The research project employs a multispecies studies theoretical framework and a multi-modal methodology to examine more-than-human sociality at the Grayson Highlands of Virginia. It focuses on the social and environmental worlds of and surrounding the feral ponies, who are the Grayson Highlands State Park’s star attraction, bringing to the fore the tangled politics around care, conservation, and value, at the core of protected landscapes.
If you are interested in participating in the Grayson Highlands Ponies Research Project
Reach out to Dr. Beveridge (beveridgej@appstate.edu) if you want to learn more about the summer field school or other research opportunities with the project.
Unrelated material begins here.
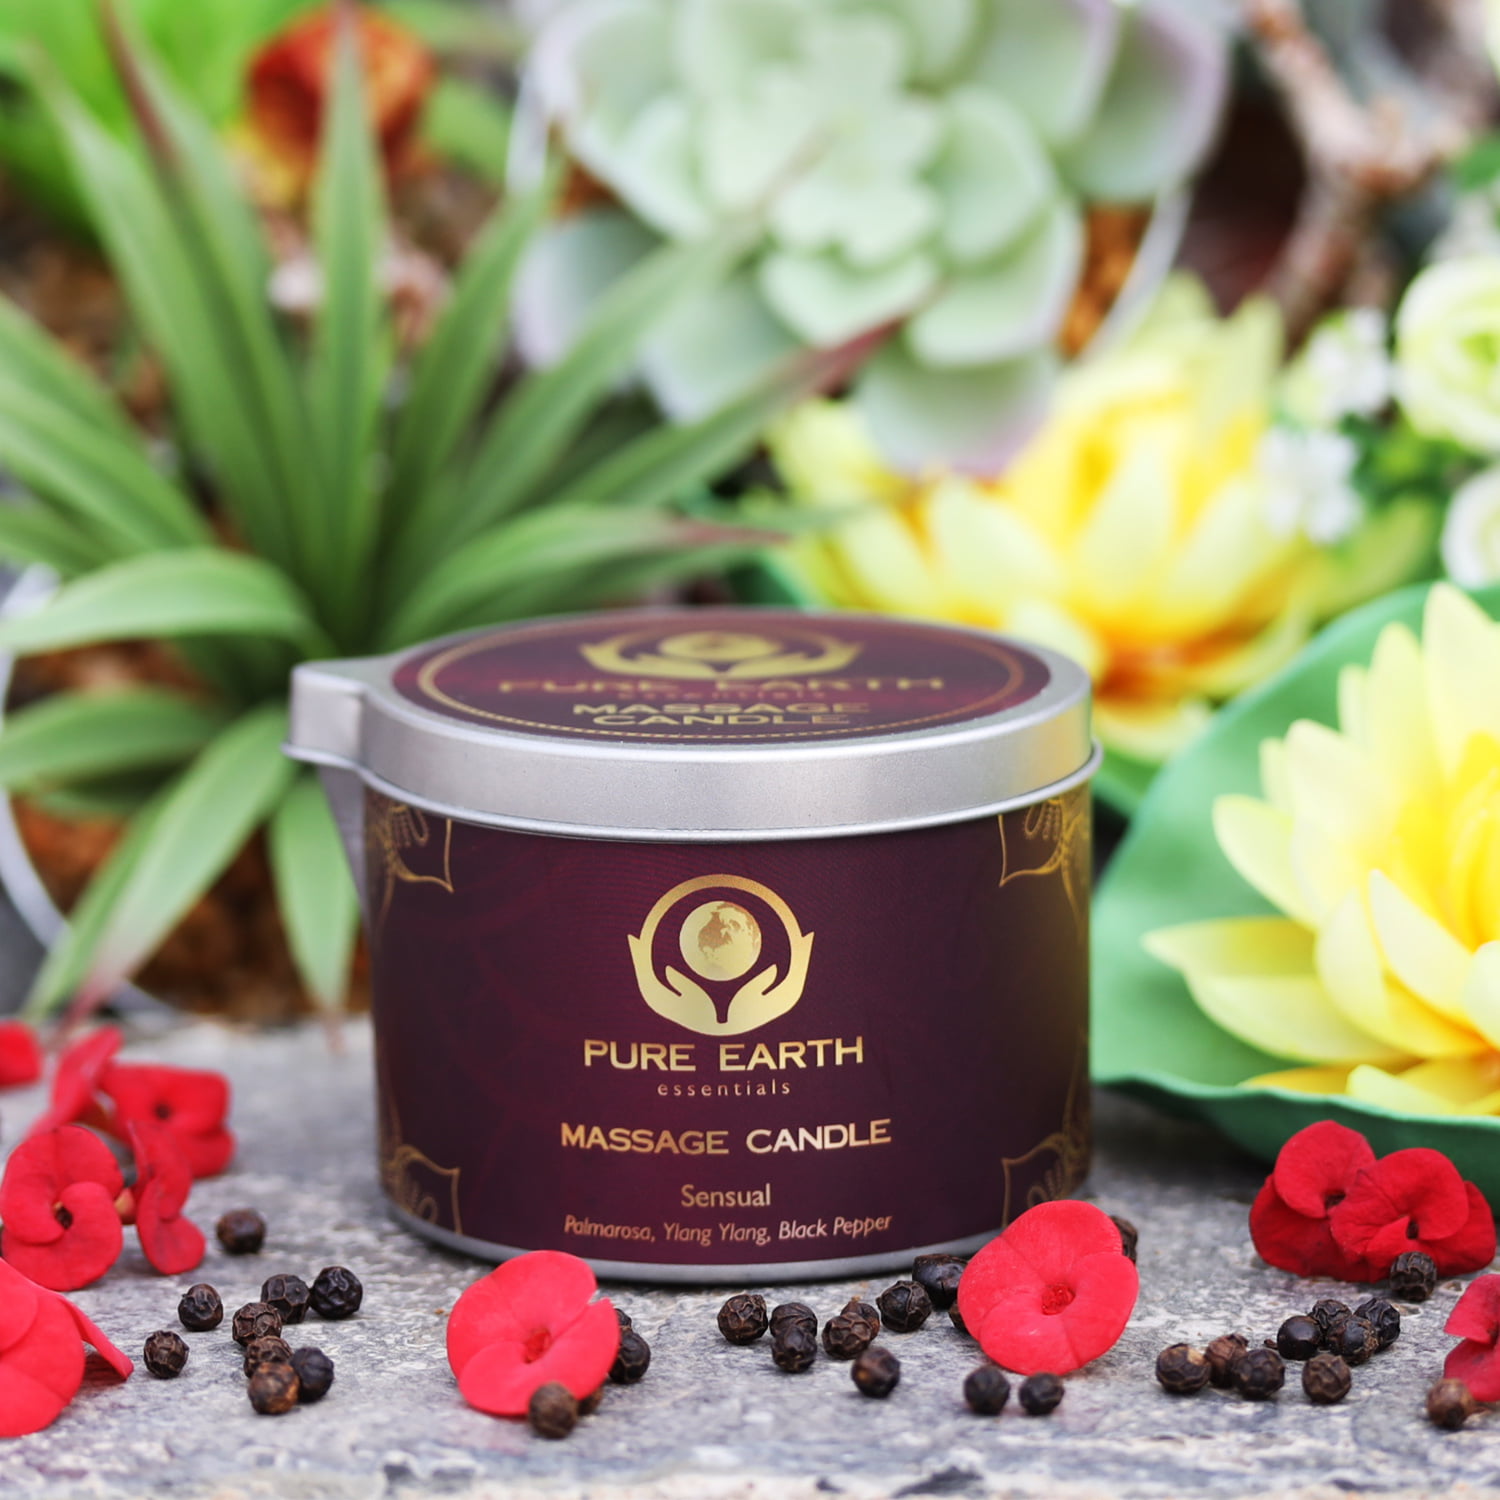 10 best all-natural massage candles for a romantic evening in
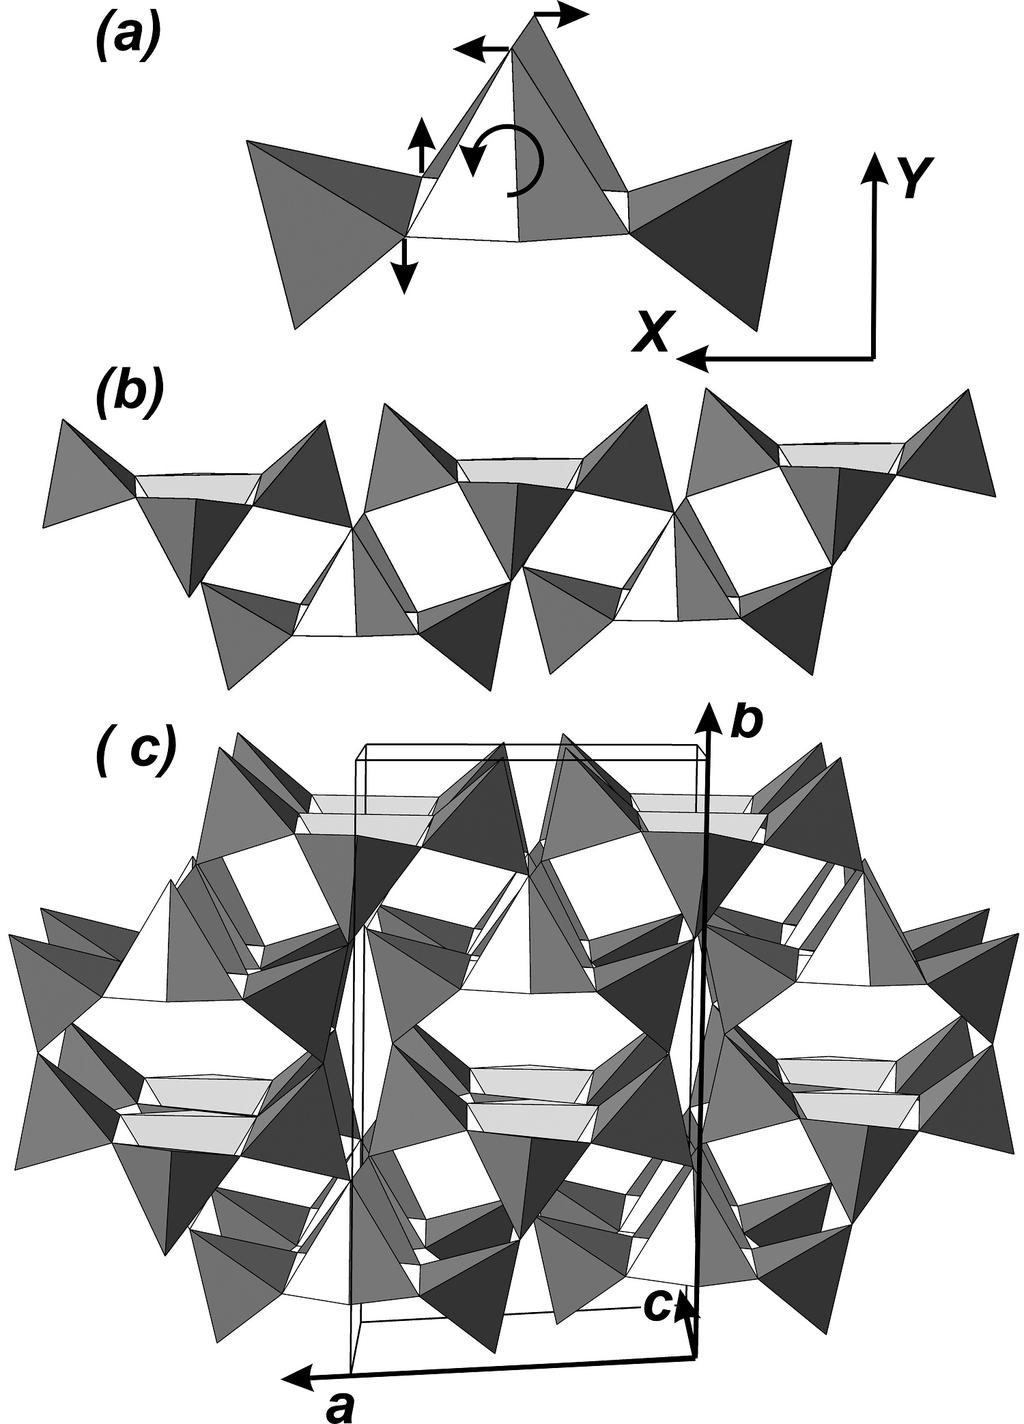 636 637 638 639 640 641 642 643 644 645 646 Figure 1: A polyhedral representation of the components of the alumino-silicate framework of plagioclase feldspars, as illustrated by the structure of

Regarding student research participation outside of the summer field school Dr. Beveridge says "Most research days are Saturdays and Sundays when we travel together to Grayson Highlands State Park. We spend most days hiking around the park, encountering the feral ponies and other wildlife and studying the human visitors to the park. We also set up our interview table at the trailhead inside the park and conduct formal interviews with park visitors. We implement traditional anthropological techniques of participant observation, fieldnote-taking, and interviewing, in addition to multi-species and multi-modal/sensory ethnographic methodologies."